By Maureen Salamon
WEDNESDAY, July 20 (HealthDay News) -- The value of annual mammograms for women in their 40s -- the topic of a lingering debate among health policy and advocacy groups -- has drawn resounding support from the nation's largest group of obstetricians/gynecologists.
On Wednesday, the American College of Obstetricians and Gynecologists (ACOG) issued new guidelines calling for mammograms to be done every year beginning at age 40. This is a departure from its previous recommendations, which advised mammograms every one to two years beginning at 40 and then annually beginning at age 50, based on the incidence of breast cancer in younger women and its typically more rapid progression, guidelines co-author Dr. Jennifer Griffin explained.
The guidelines conflict with those issued in late 2009 by the U.S. Preventive Services Task Force, which recommended screening mammograms only every other year beginning at age 50 because they can result in many false positive results, prompting unnecessary biopsies and additional tests.
"I think the main point we considered was that about 40,000 women every year in their 40s are diagnosed with breast cancer, and about 20 percent of them will die from it," said Griffin, an assistant professor of OB/GYN at the University of Nebraska Medical Center. "Screening mammograms reduce the risk of dying by 15 percent" in this population.
More than 207,000 American women were diagnosed with invasive breast cancer in 2010, according to ACOG, and nearly 40,000 died from it. Breast cancer is the second most common type of cancer among women in the United States after skin cancer. It may be detected by a mammogram while it is very small and before it grows big enough to become symptomatic.
A key factor in the ACOG recommendation is the shorter "sojourn time" -- the time period in which a breast cancer can be detected by a mammogram while it is still very small and before it gets big enough to cause symptoms -- among younger women. Women aged 40 to 49 have a sojourn time of 2 to 2.4 years, the guidelines said, while those ages 50 to 59 have a sojourn time of 2.5 to 3.7 years, and women 70 to 74 have a sojourn time of 4 - 4.1 years.

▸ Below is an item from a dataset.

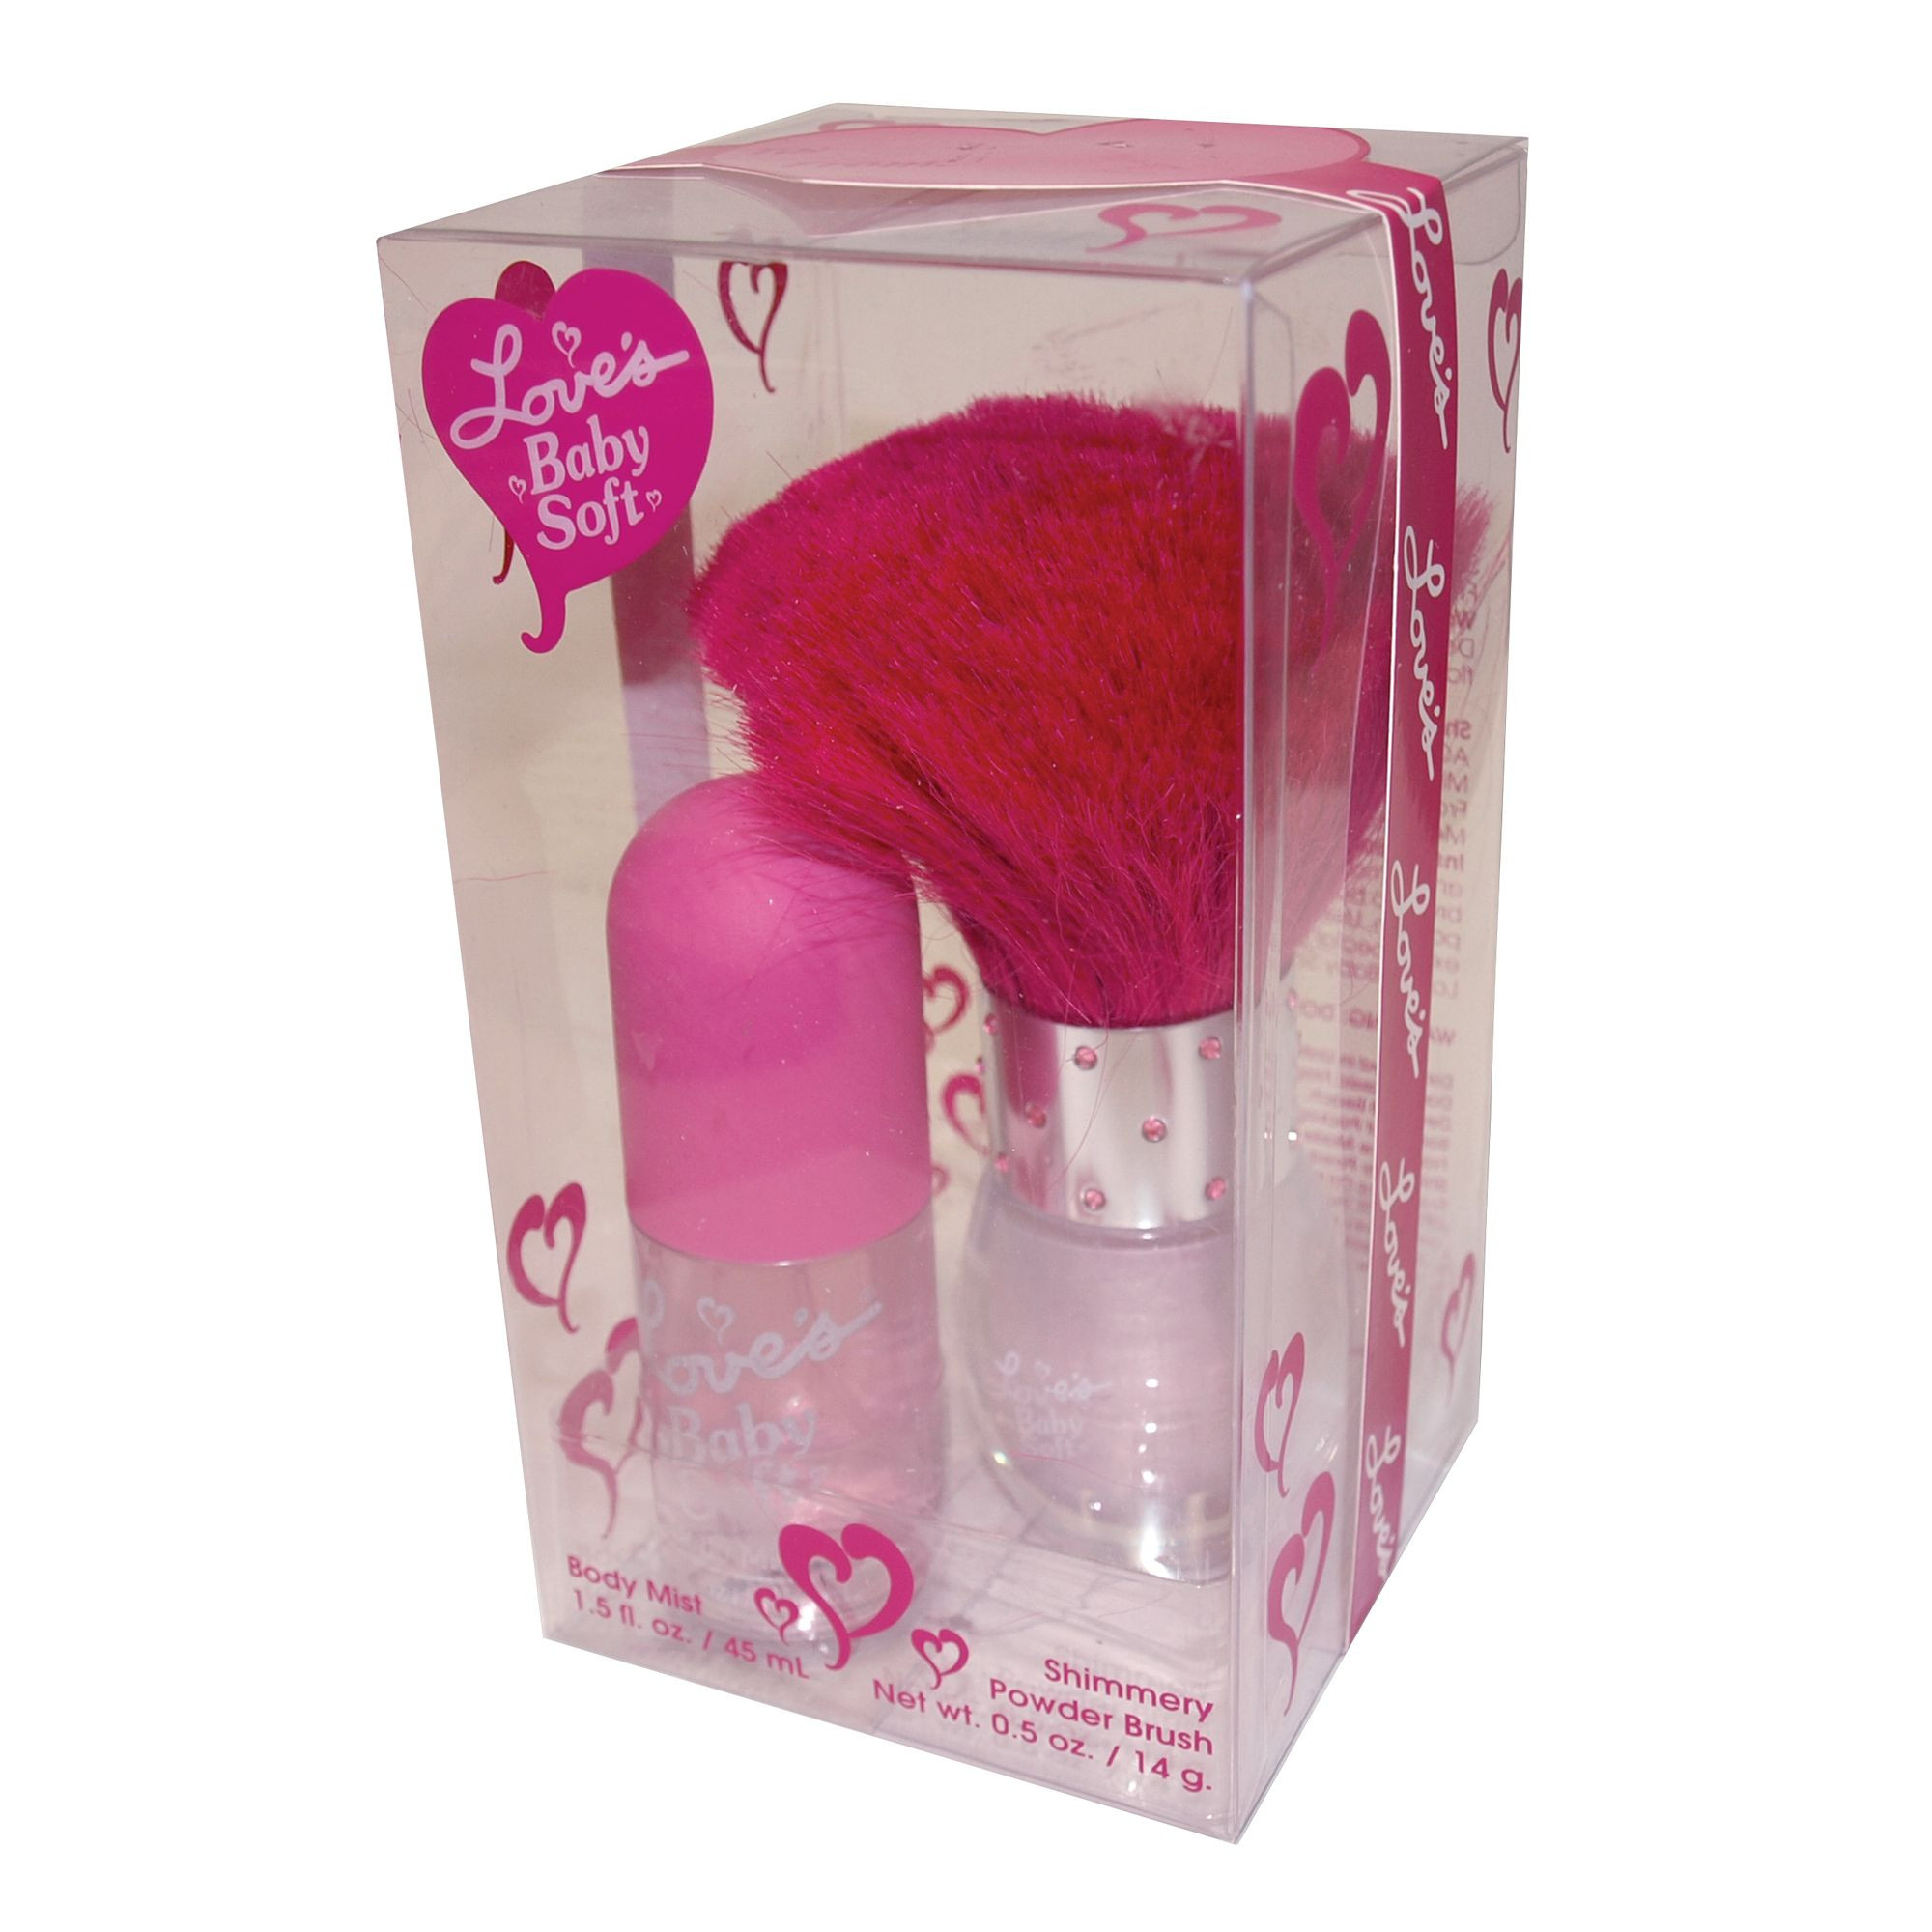 Baby Soft Perfume Gift Sets
 Love s Baby Soft Gift Set

"In these younger patients, we have a smaller window because these cancers tend to grow faster, sooner," said Dr. Lauren Cassell, chief of breast surgery at Lenox Hill Hospital in New York City. "There are plenty of patients who develop breast cancer between 40 and 50. The fear was we would miss these patients and see them at later stages."
The American Cancer Society and the National Comprehensive Cancer Network's screening recommendations are identical to ACOG's new guidelines, while the National Cancer Institute calls for mammograms every one to two years beginning at age 40. In addition to concerns about fear-inducing false positive results, some officials have expressed concerns about radiation emitted from mammography machines, which typically equals that of a round-trip transcontinental airline flight.
"Mammograms are stressful to patients because some require follow-up," Cassell said. "But unfortunately, to find the patients [with cancer], some are going to have false positives... At some level, I feel we have to accept that."
Some early, noninvasive breast cancers, known as ductal carcinoma in situ (DCIS), never progress to dangerous cases, Griffin acknowledged, and mammogram detection may provoke aggressive treatment that ultimately is unnecessary or harmful.
But, "there's not a lot of consensus exactly how many cancers might regress . . . and no way of knowing which ones might regress or progress," she said. "It's true that some of these cancers we detect would not progress."
The potential cost of mammograms was not taken into account in making the recommendations, Griffin added, but that was also true of the 2009 U.S. Preventive Services Task Force guidelines. Overall, about 1,900 women aged 39 to 49 would need to be "invited for screening" (though some might decline) to save one woman in that age range from dying of breast cancer, the ACOG said.